I became conscious of the voices all around me and found myself, without any effort on my part, outside the man’s mind, but I was disconcerted and wanted to regain some composure by looking at the outside of other people as one is supposed to do. The Moor was looking at the door, no doubt waiting for Dr. de los Rios to come in, and I realized that my visit into this man’s thoughts must have taken an incredibly short time. This did not help my desired composure and I looked at the other faces there more intently, seeking normality and distraction.

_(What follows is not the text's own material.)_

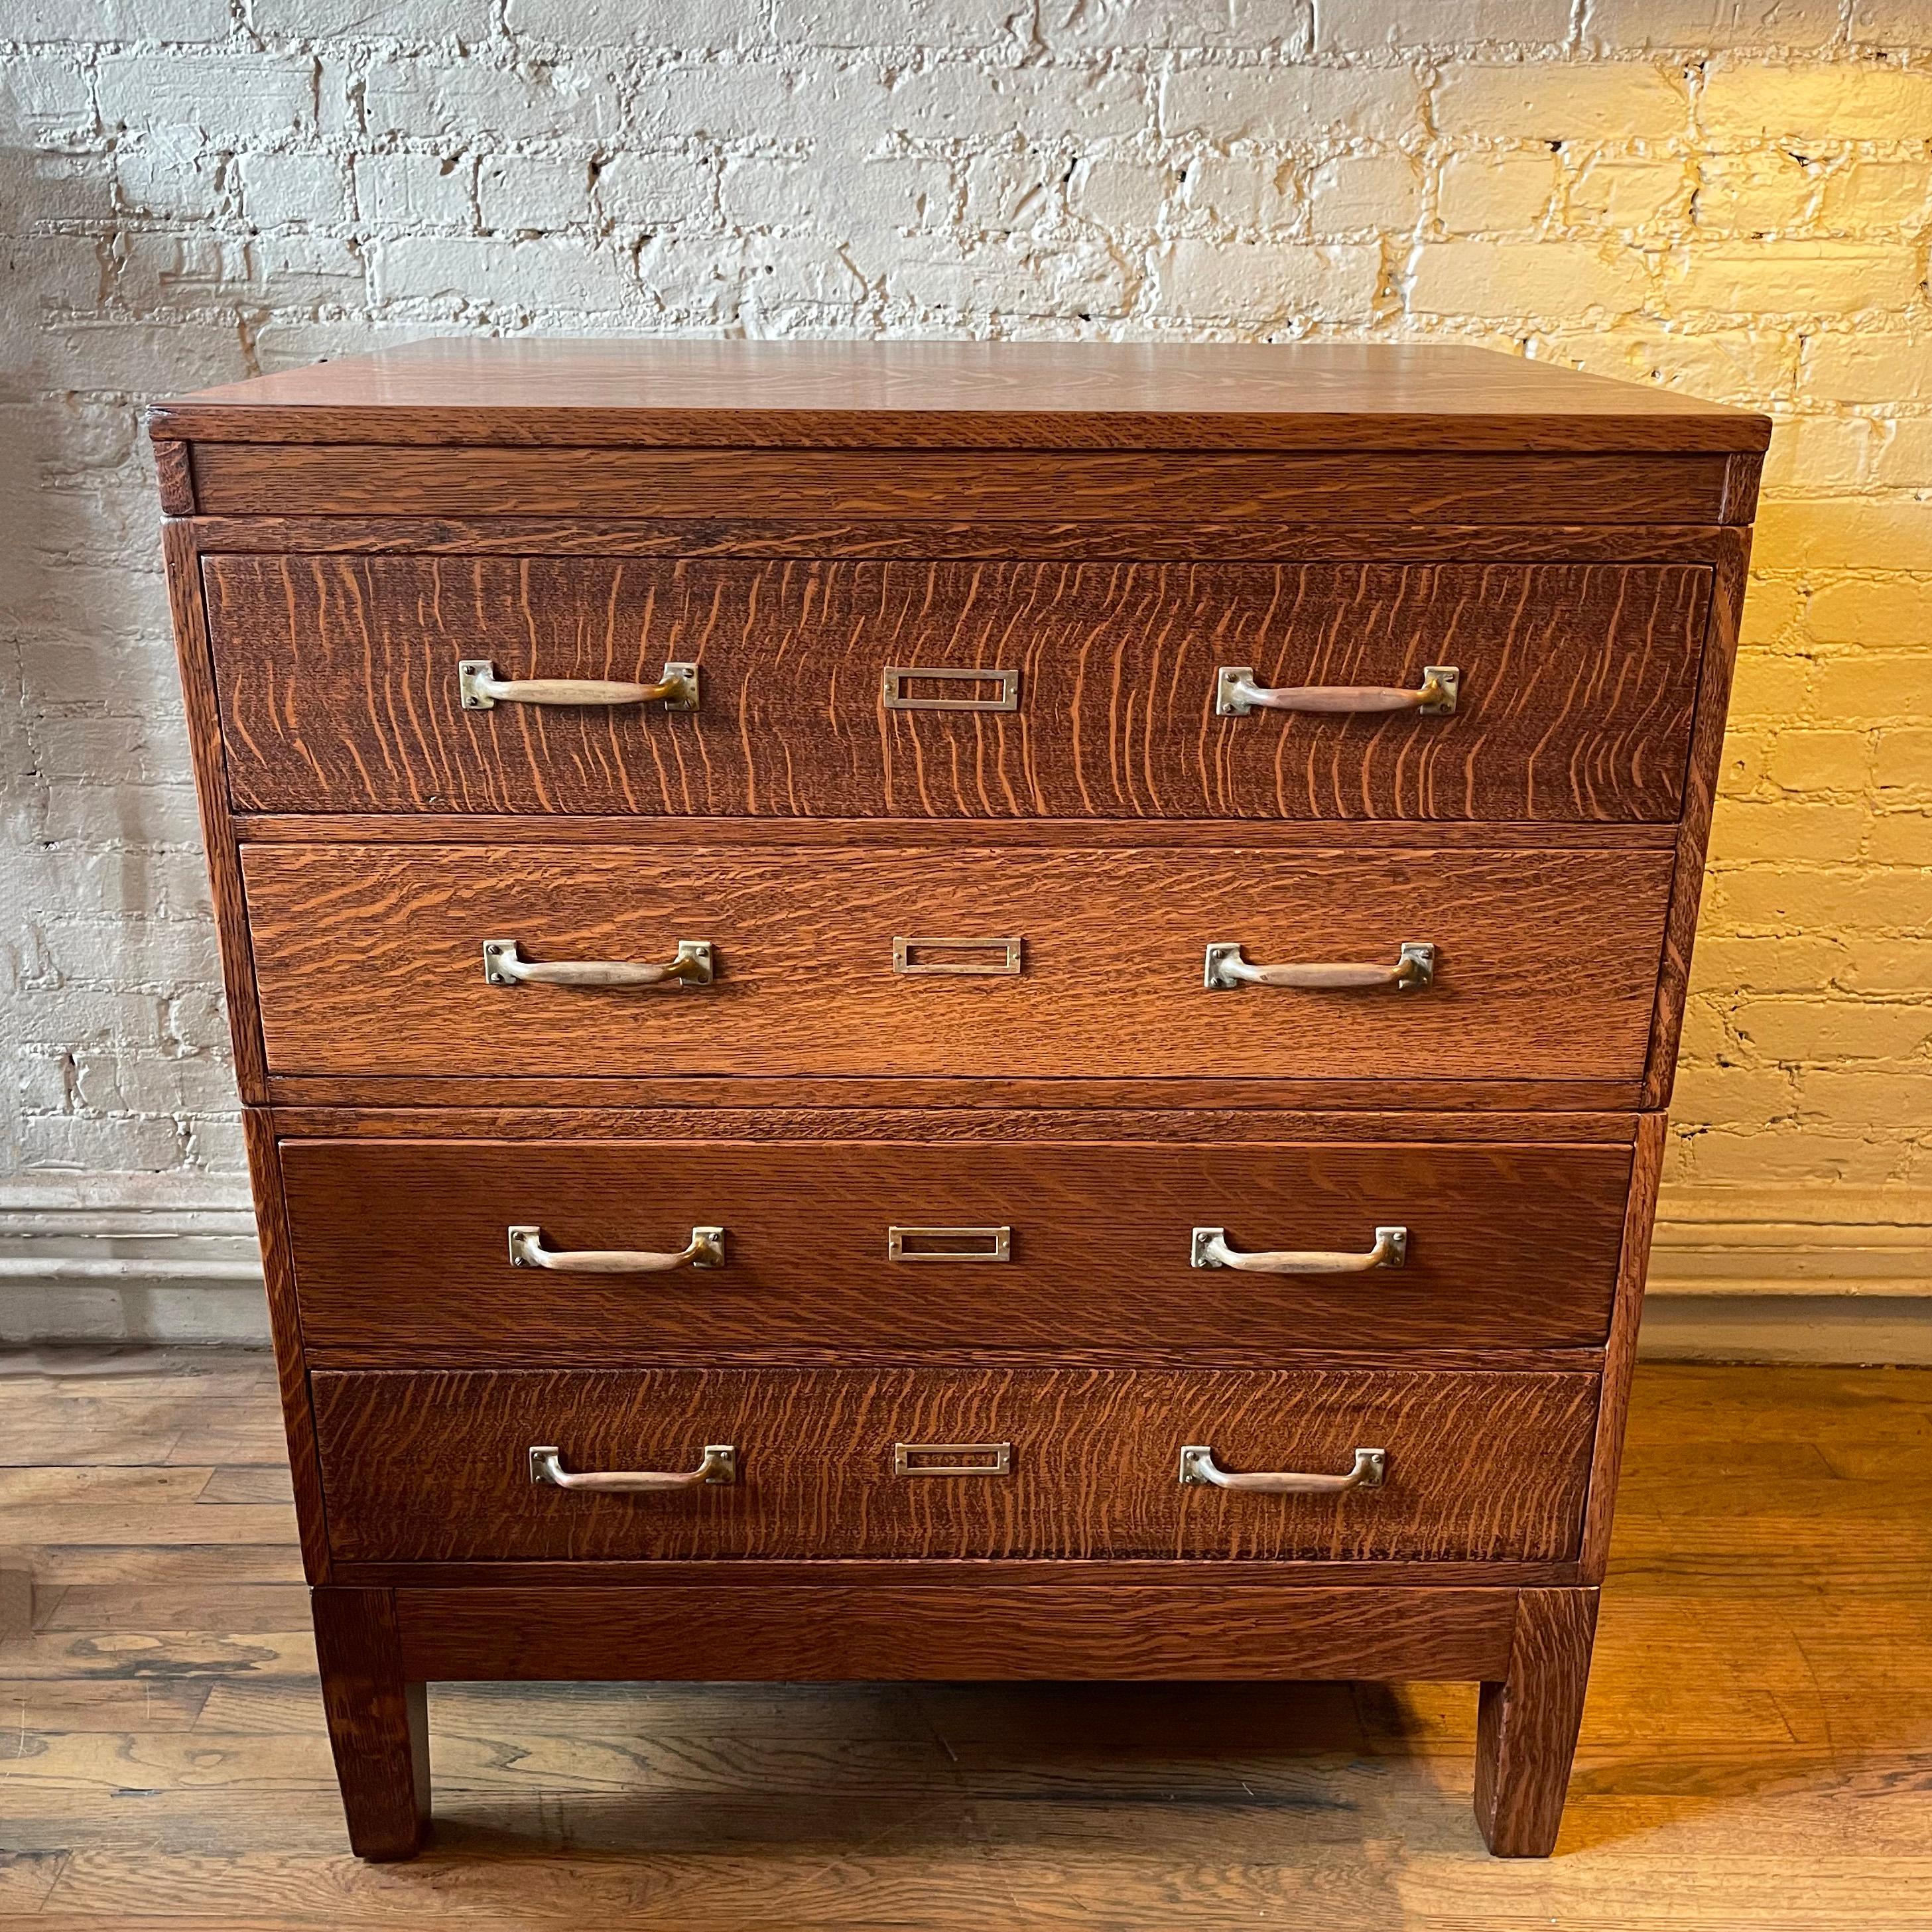 Handsome, early 20th century, industrial, tiger oak, modular, document cabinet by Library Bureau Makers features four drawers at 5.5 inches height each with brass plates and handles.

At the other tables I recognized the best importations from Spain. There was the dancing team, Lunarito and Bejarano. There was a famous newspaperman and foreign correspondent who had to his credit a long list of deportations from various countries. If one wanted to meet him, the Moor had said, one had to catch him between trains. He was sitting with the best Spanish importer of antiques who owned a very exclusive shop on Madison Avenue and had lent for the occasion the old Spanish tapestries and shawls which hung from the balcony that ran along one wall of the dining room and gave things an air of magnificent refinement contrasting harshly with all this bottle drinking. The other man at their table was the owner of a Spanish newspaper then published in New York.